*** Data provided Section Begins ***

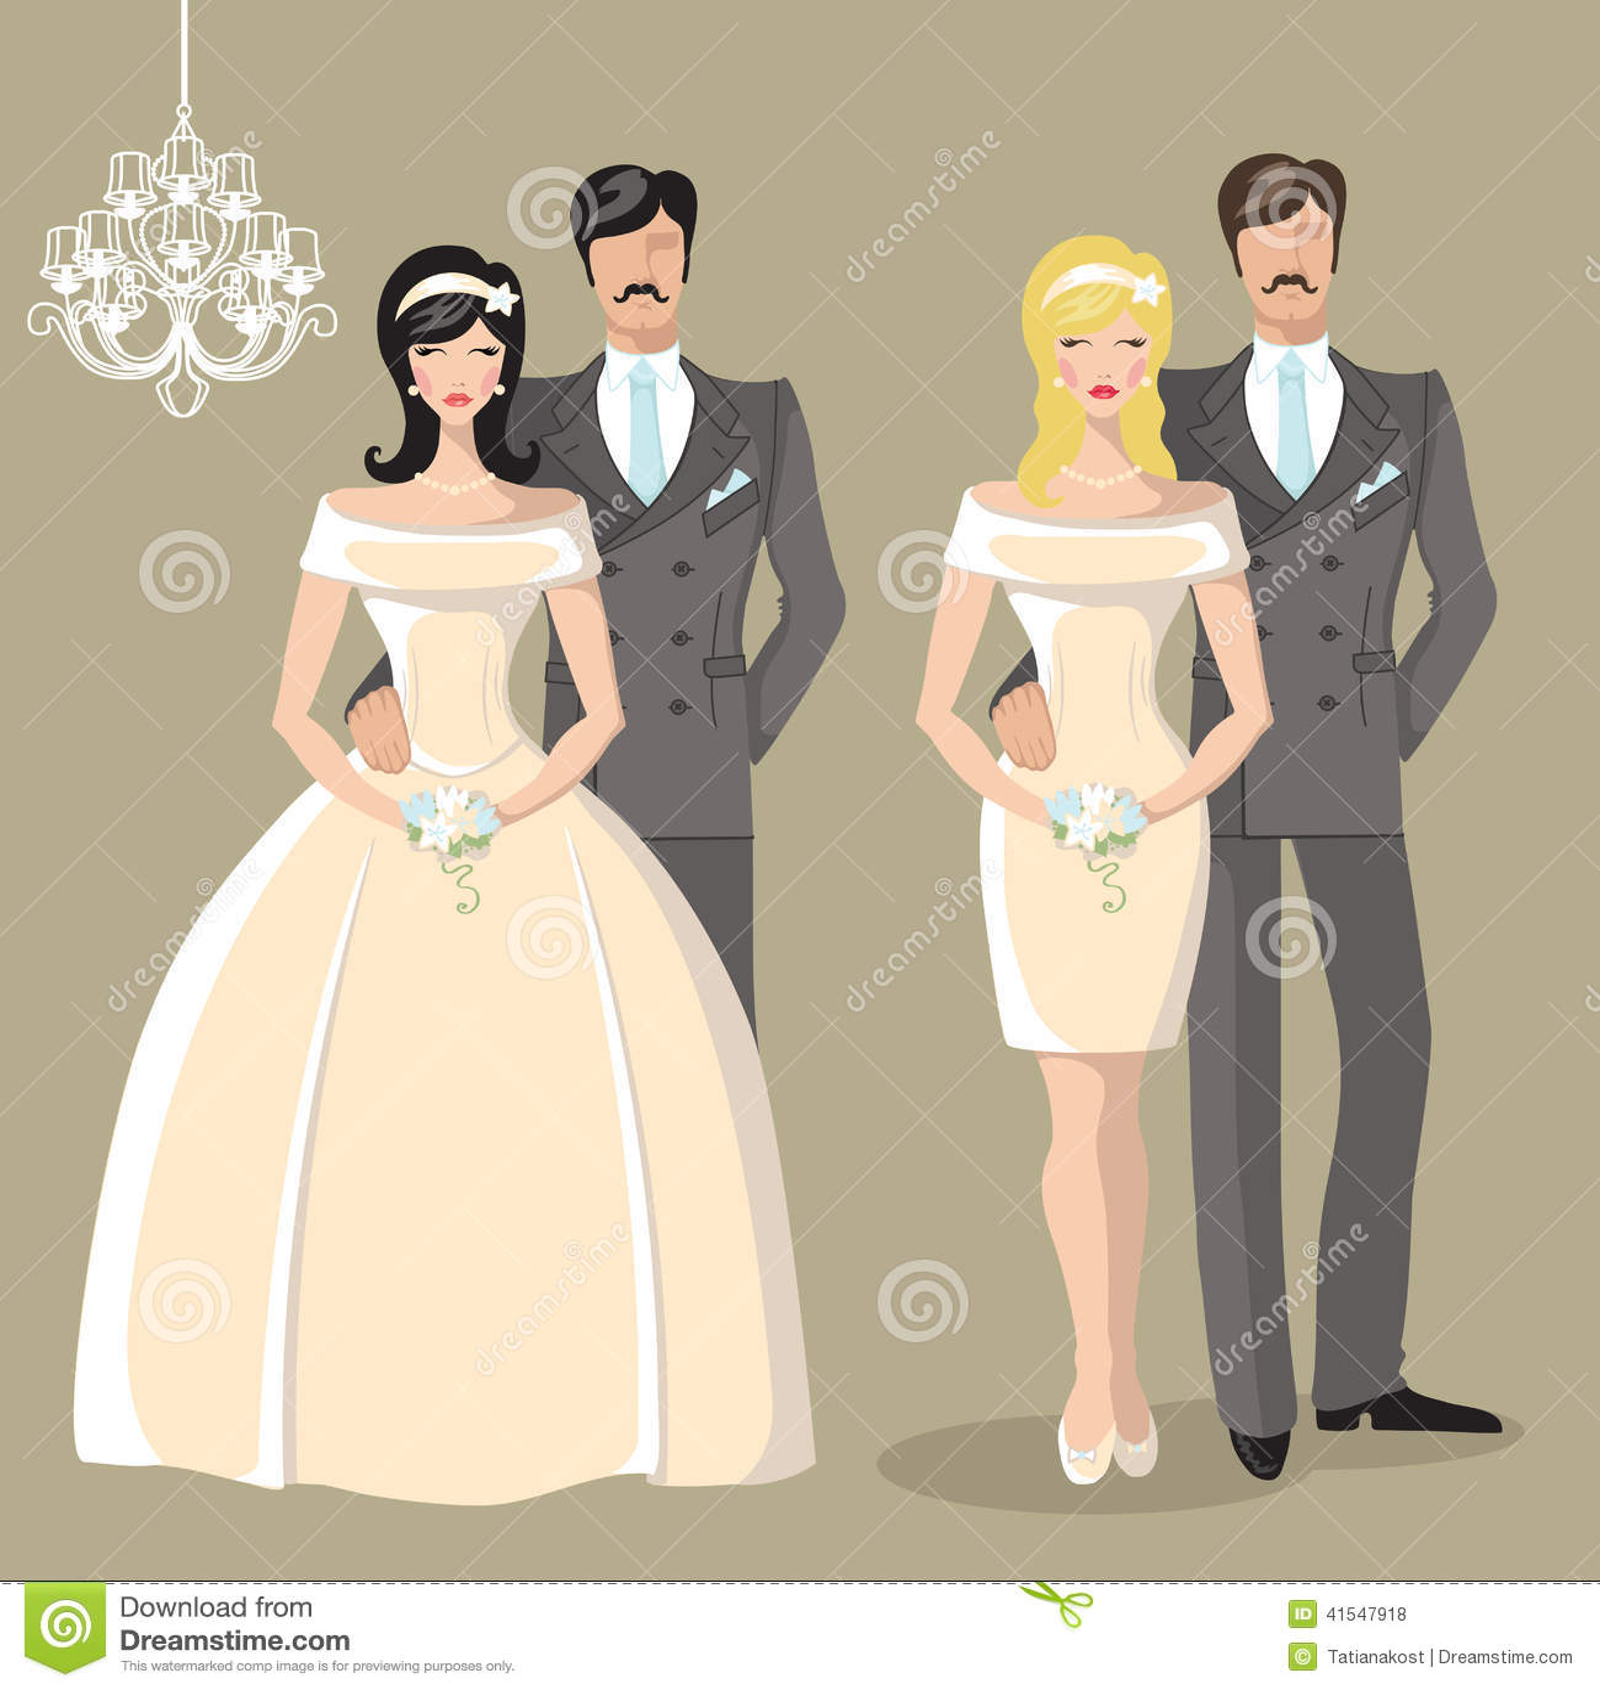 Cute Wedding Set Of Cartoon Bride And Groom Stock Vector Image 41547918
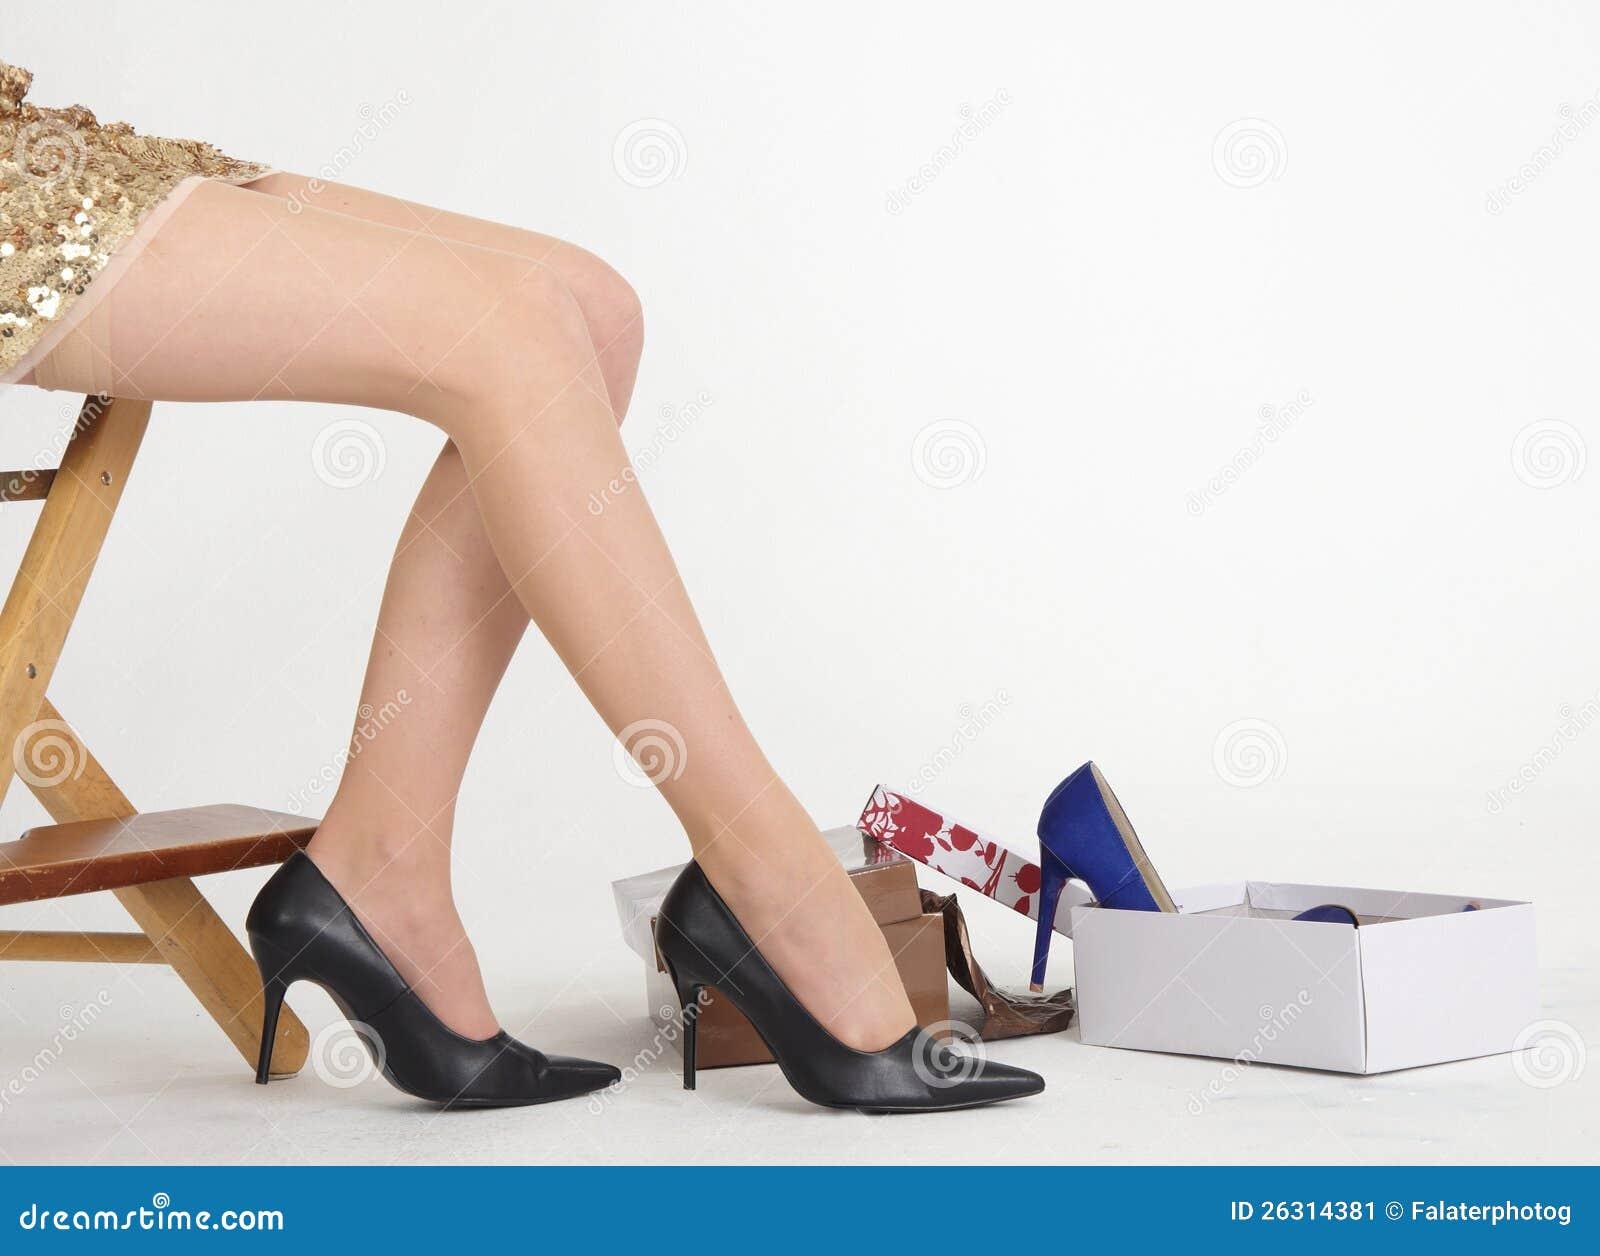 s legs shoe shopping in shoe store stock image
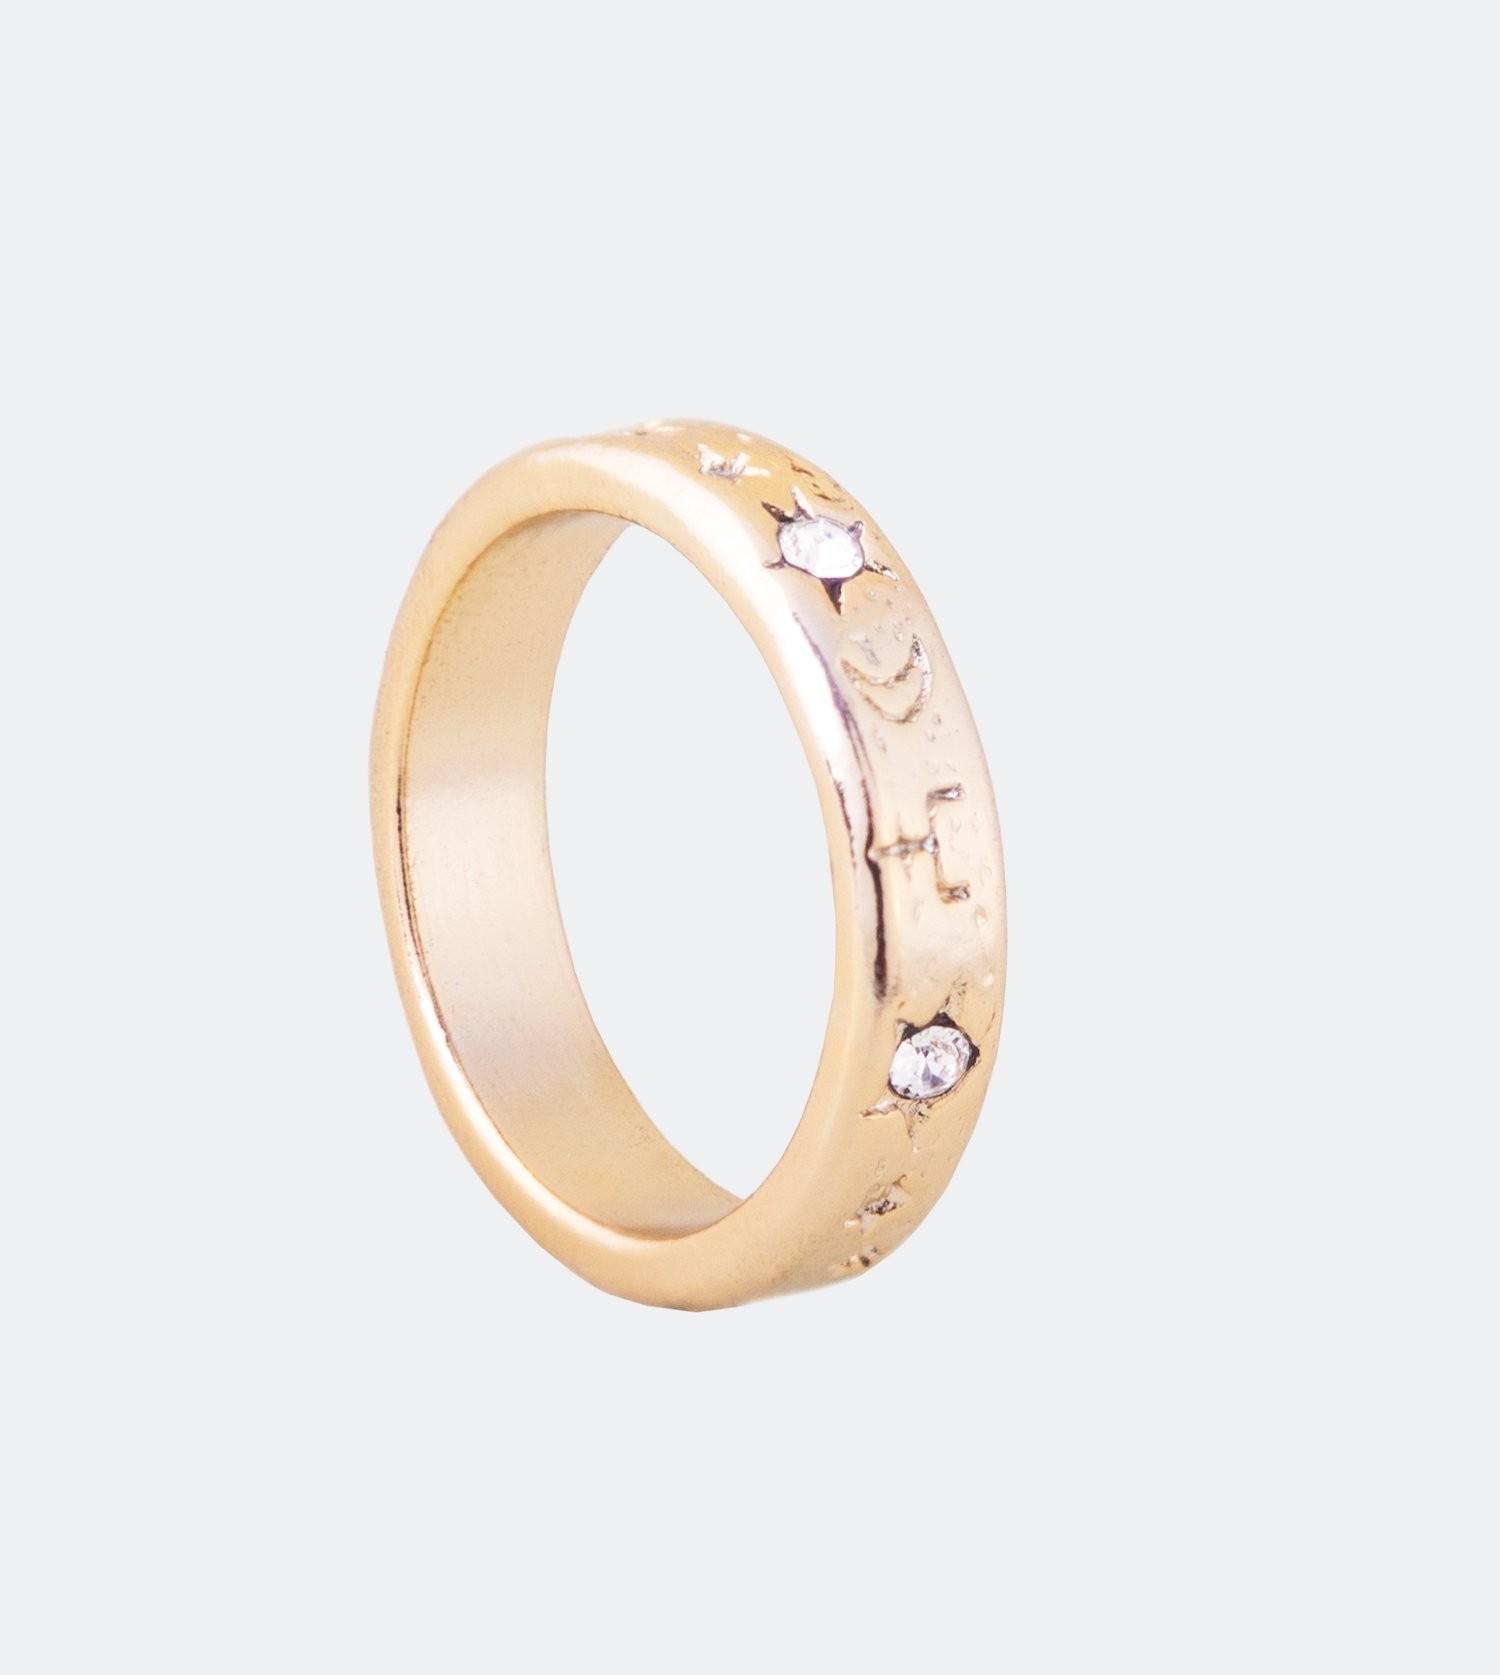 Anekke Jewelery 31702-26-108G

*** Data provided Section Ends ***

**Assigned task**
Wherever an image sits in the data, omit it; everything else must be copied exactly.

**Solution for this task**
 Cute Wedding Set Of Cartoon Bride And Groom Stock Vector Image 41547918
 s legs shoe shopping in shoe store stock image
 Anekke Jewelery 31702-26-108G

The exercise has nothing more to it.